> [Your assignment]: Make an exact copy of all the records that follow, apart from the pictures.

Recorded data
= = = = =
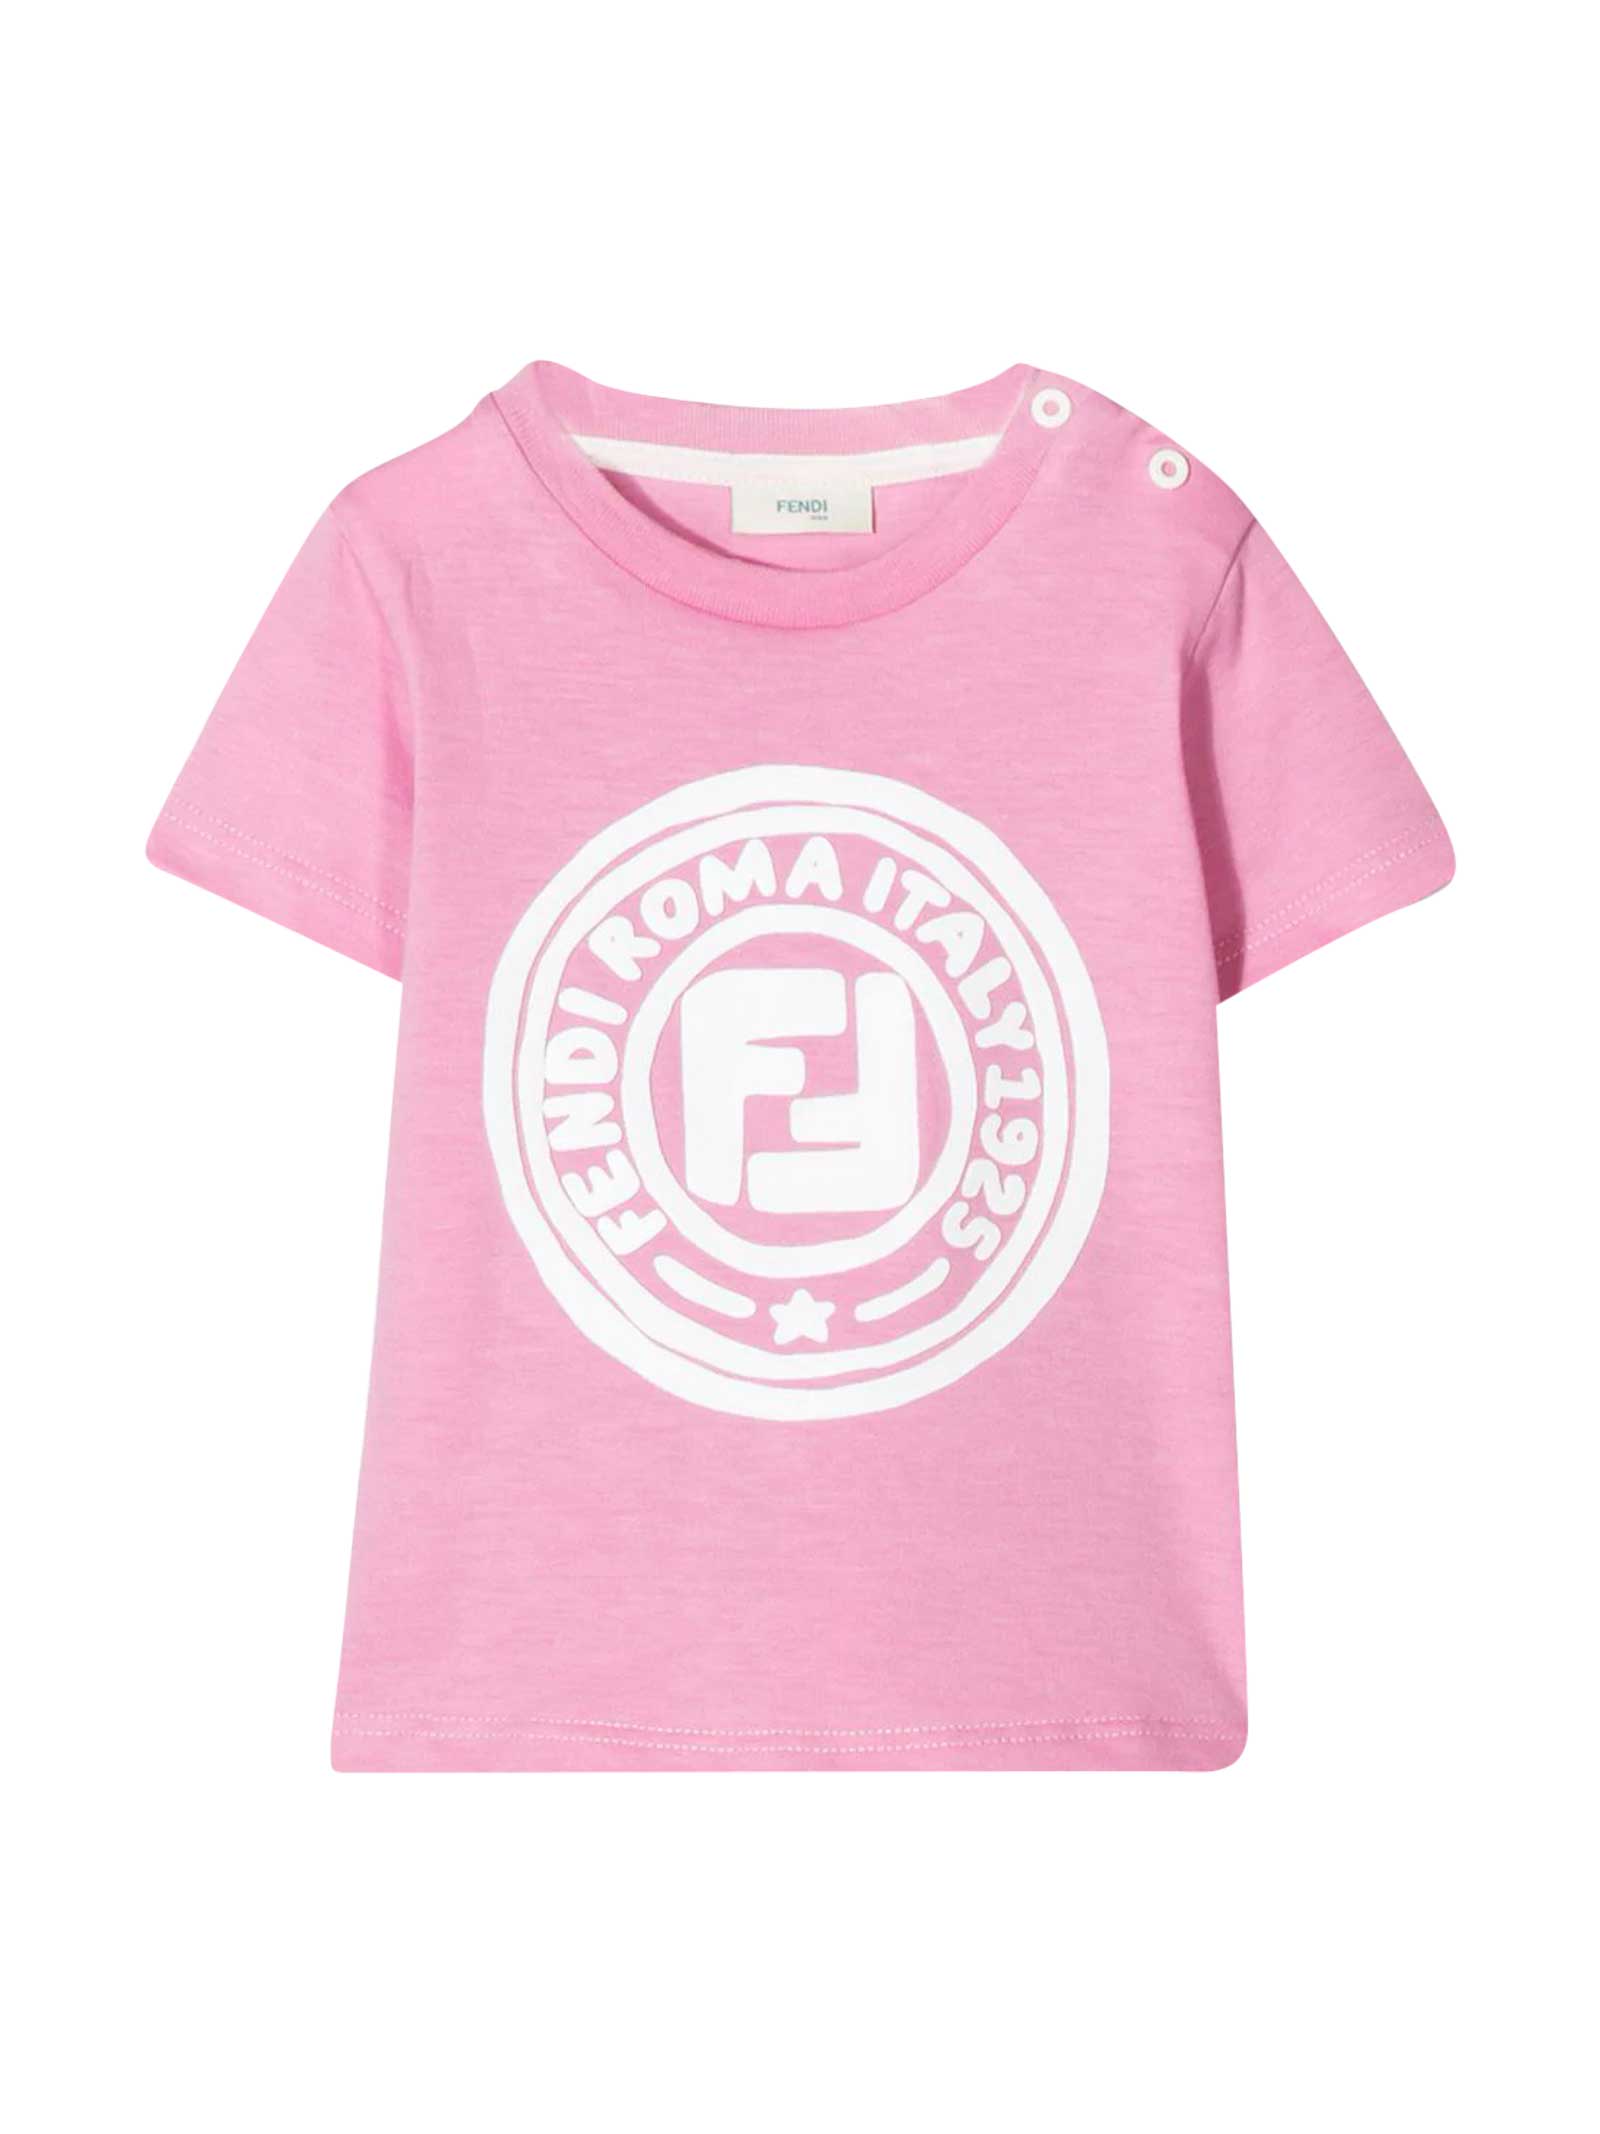 Fendi Pink T-shirt
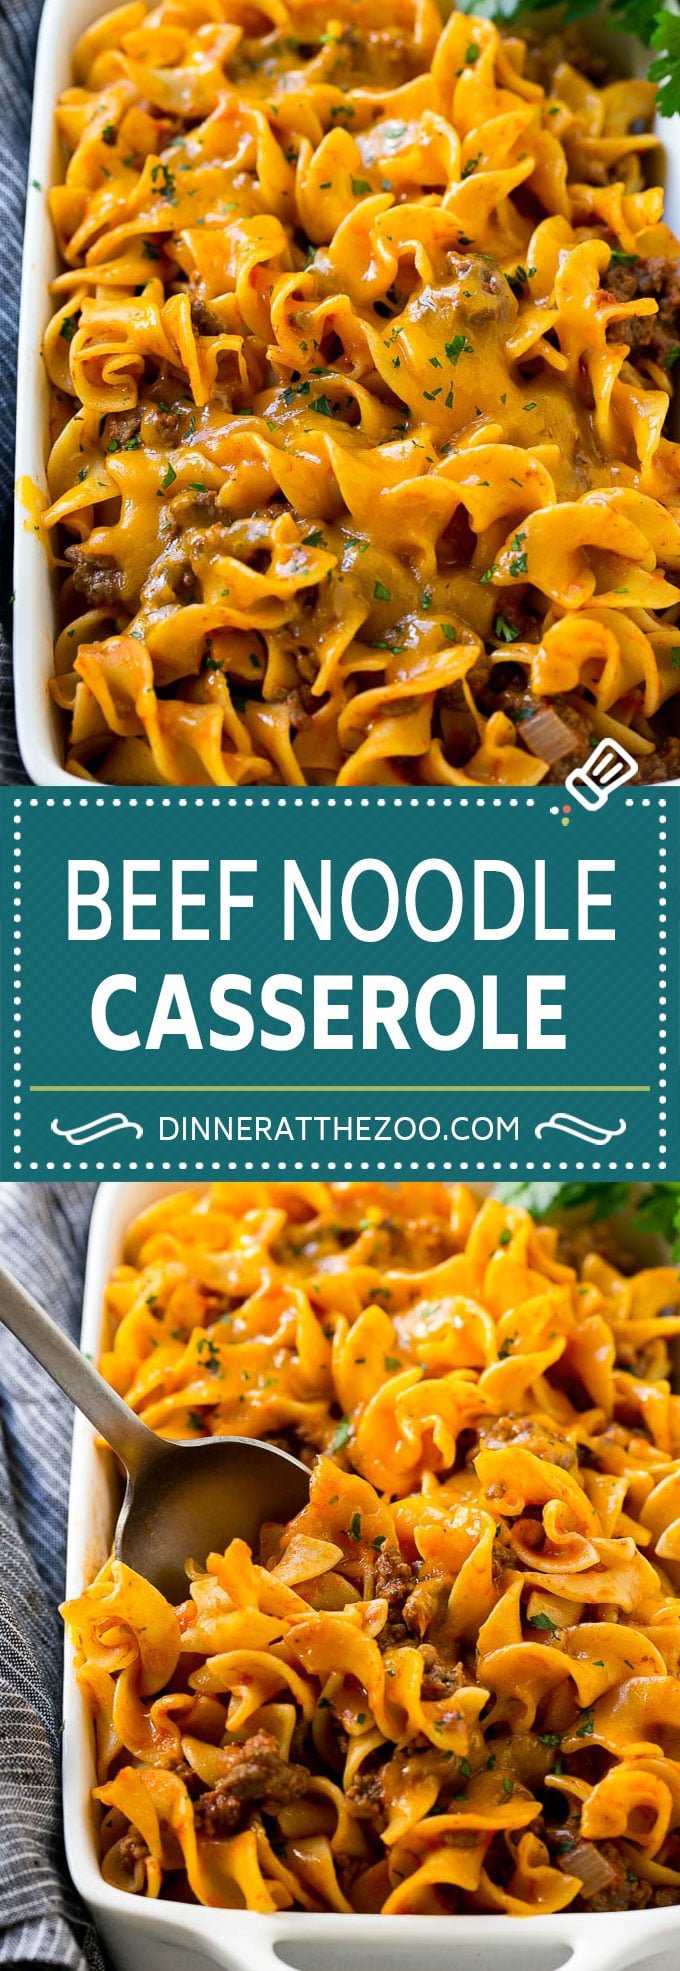 Beef Noodle Casserole Recipe | Ground Beef Casserole | Beef and Egg Noodles #hamburger #beef #noodles #casserole #dinner #dinneratthezoo
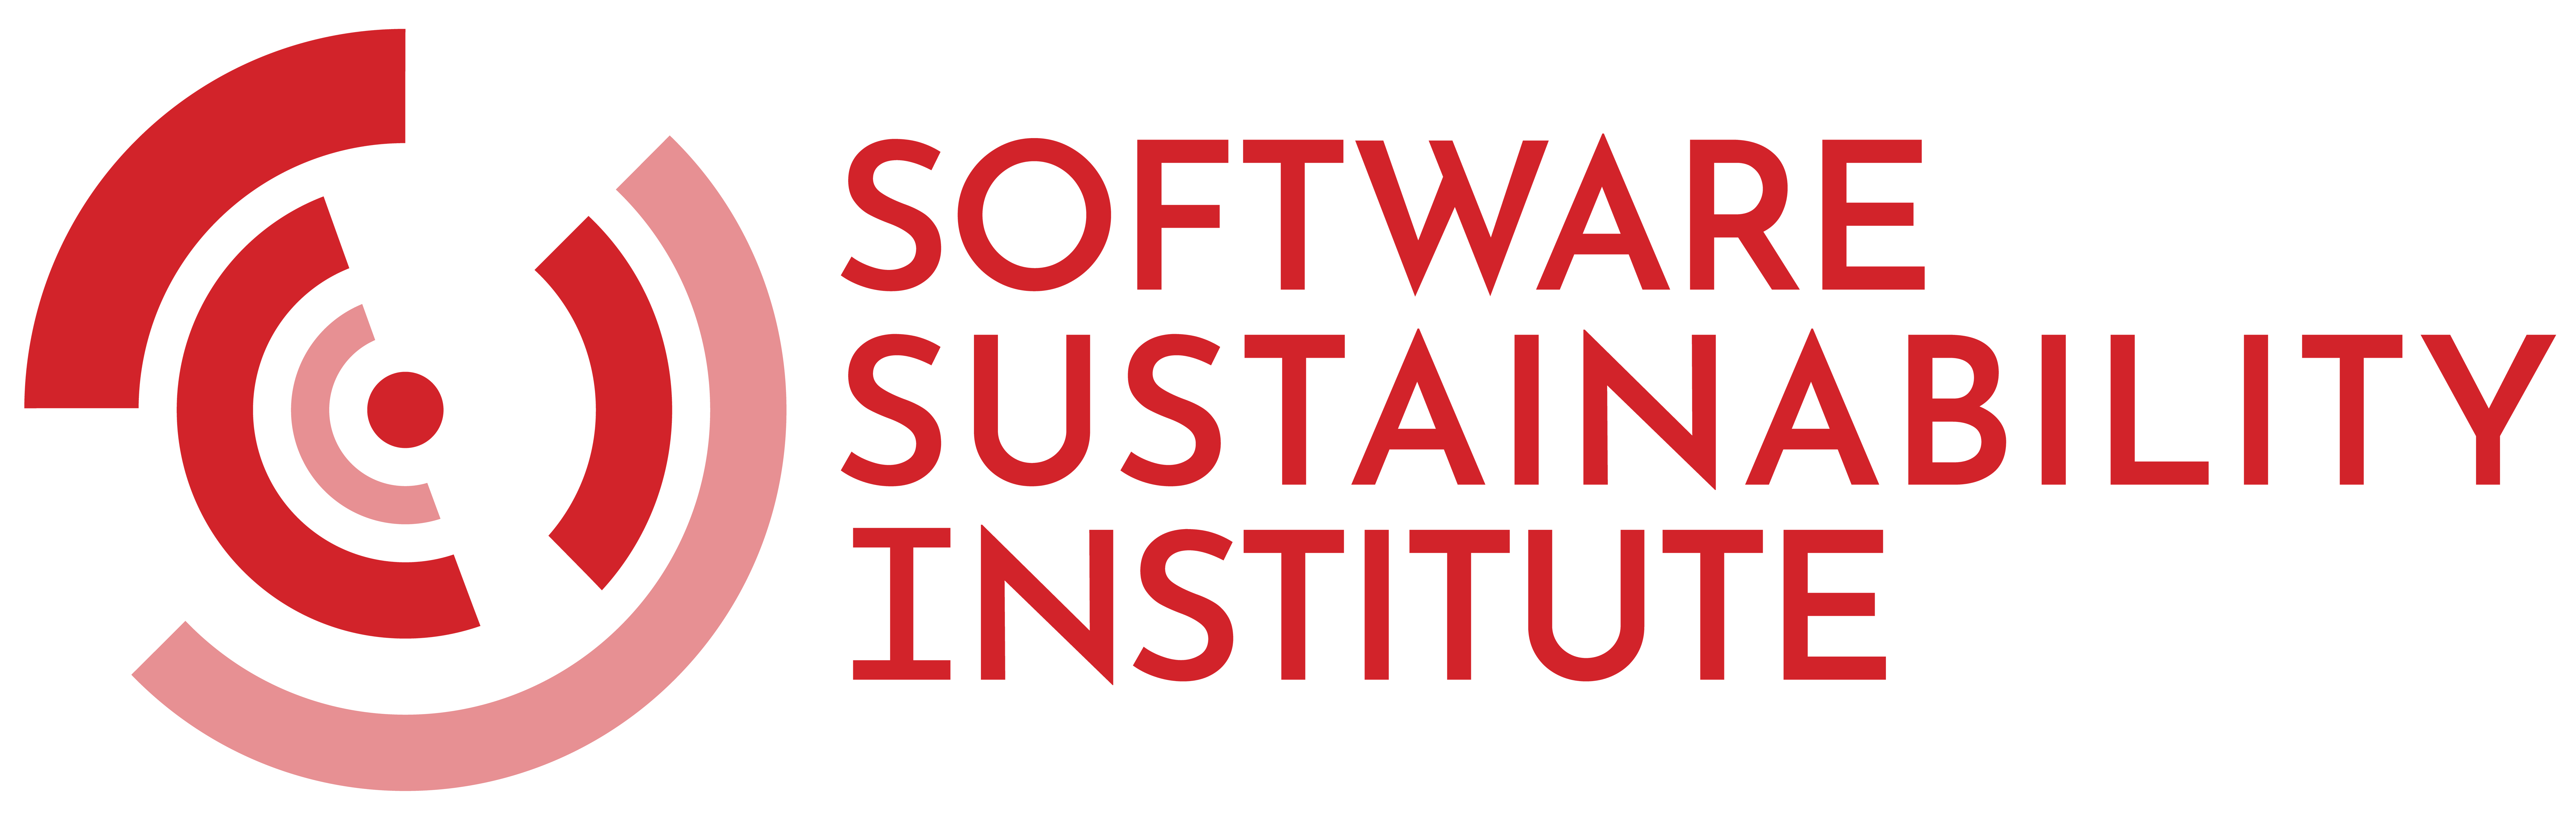 SSI Primary Logo
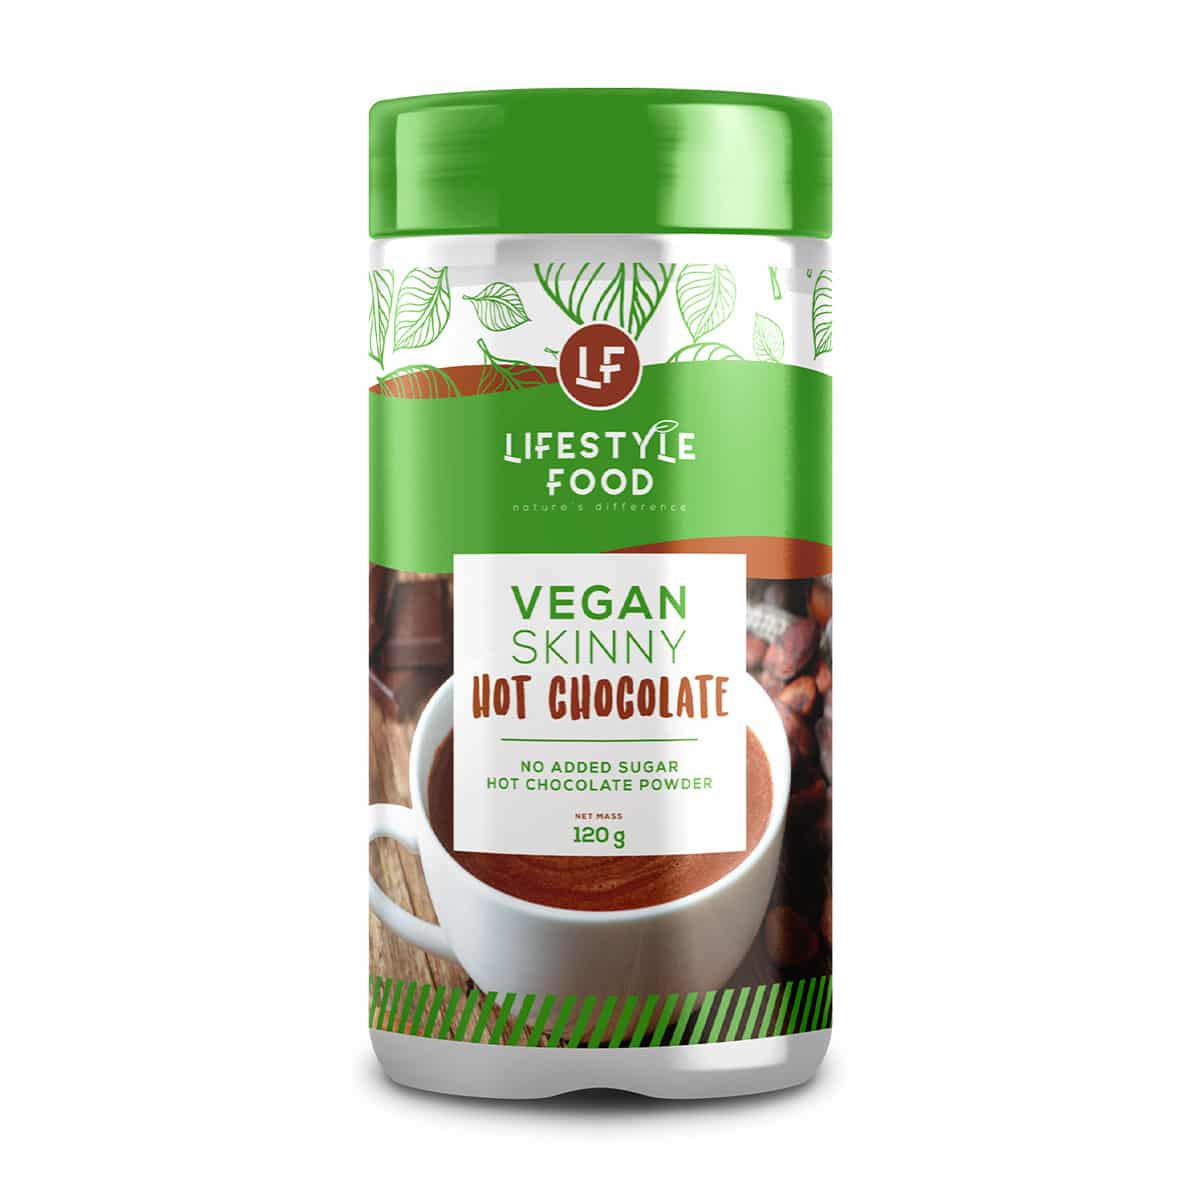 Lifestyle Food Vegan Skinny Hot Chocolate - 120g
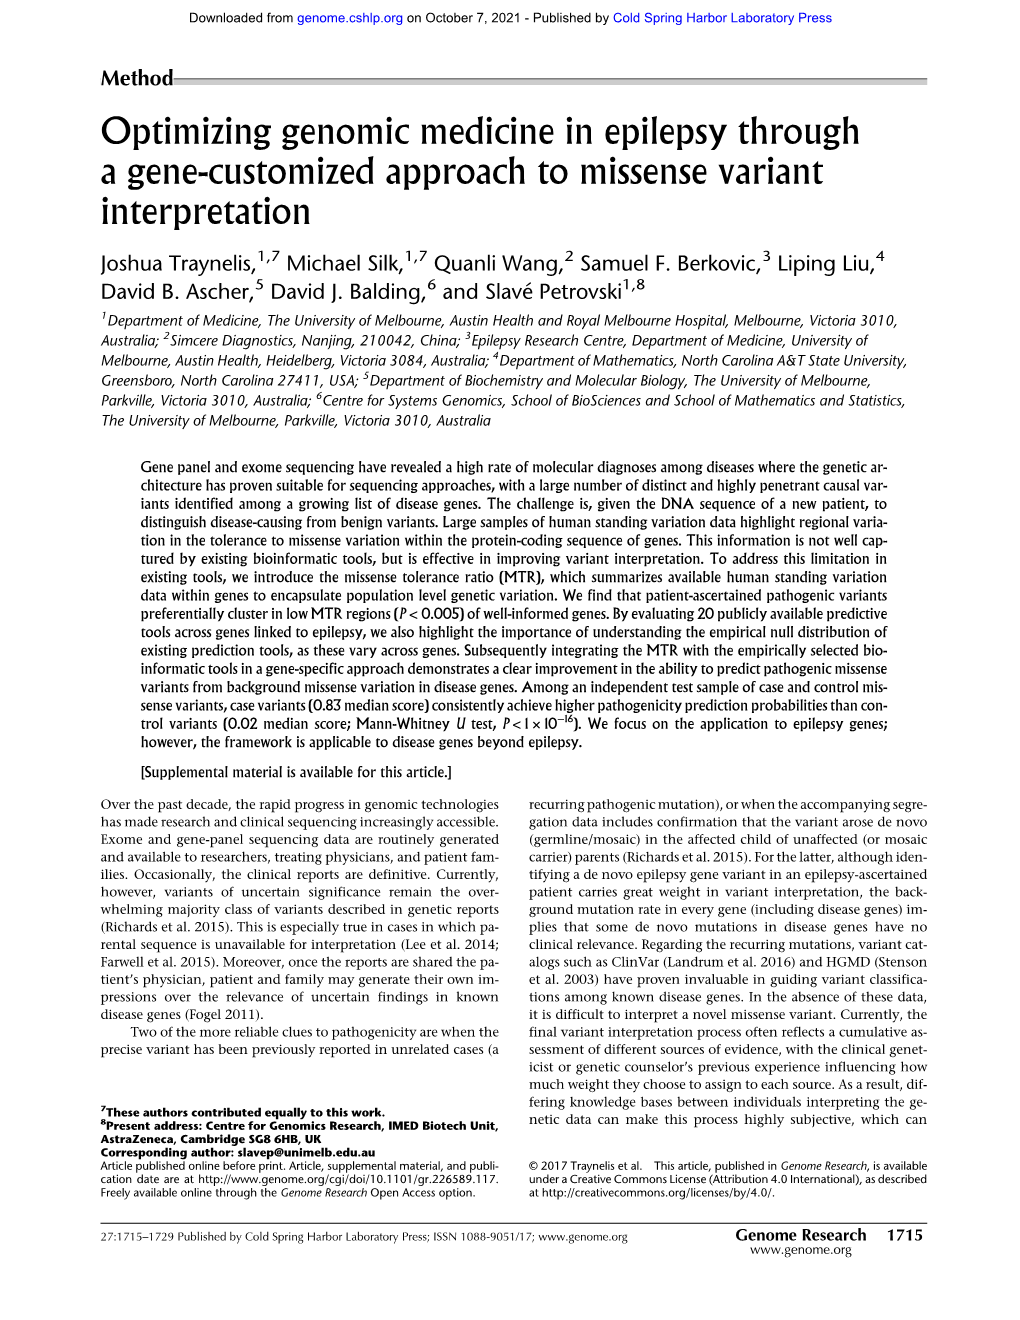 Optimizing Genomic Medicine in Epilepsy Through a Gene-Customized Approach to Missense Variant Interpretation
= = = = =
> [Solution to this problem]:
 Fendi Pink T-shirt
 Beef Noodle Casserole Recipe | Ground Beef Casserole | Beef and Egg Noodles #hamburger #beef #noodles #casserole #dinner #dinneratthezoo
 SSI Primary Logo
 Lifestyle Food Vegan Skinny Hot Chocolate - 120g
 Optimizing Genomic Medicine in Epilepsy Through a Gene-Customized Approach to Missense Variant Interpretation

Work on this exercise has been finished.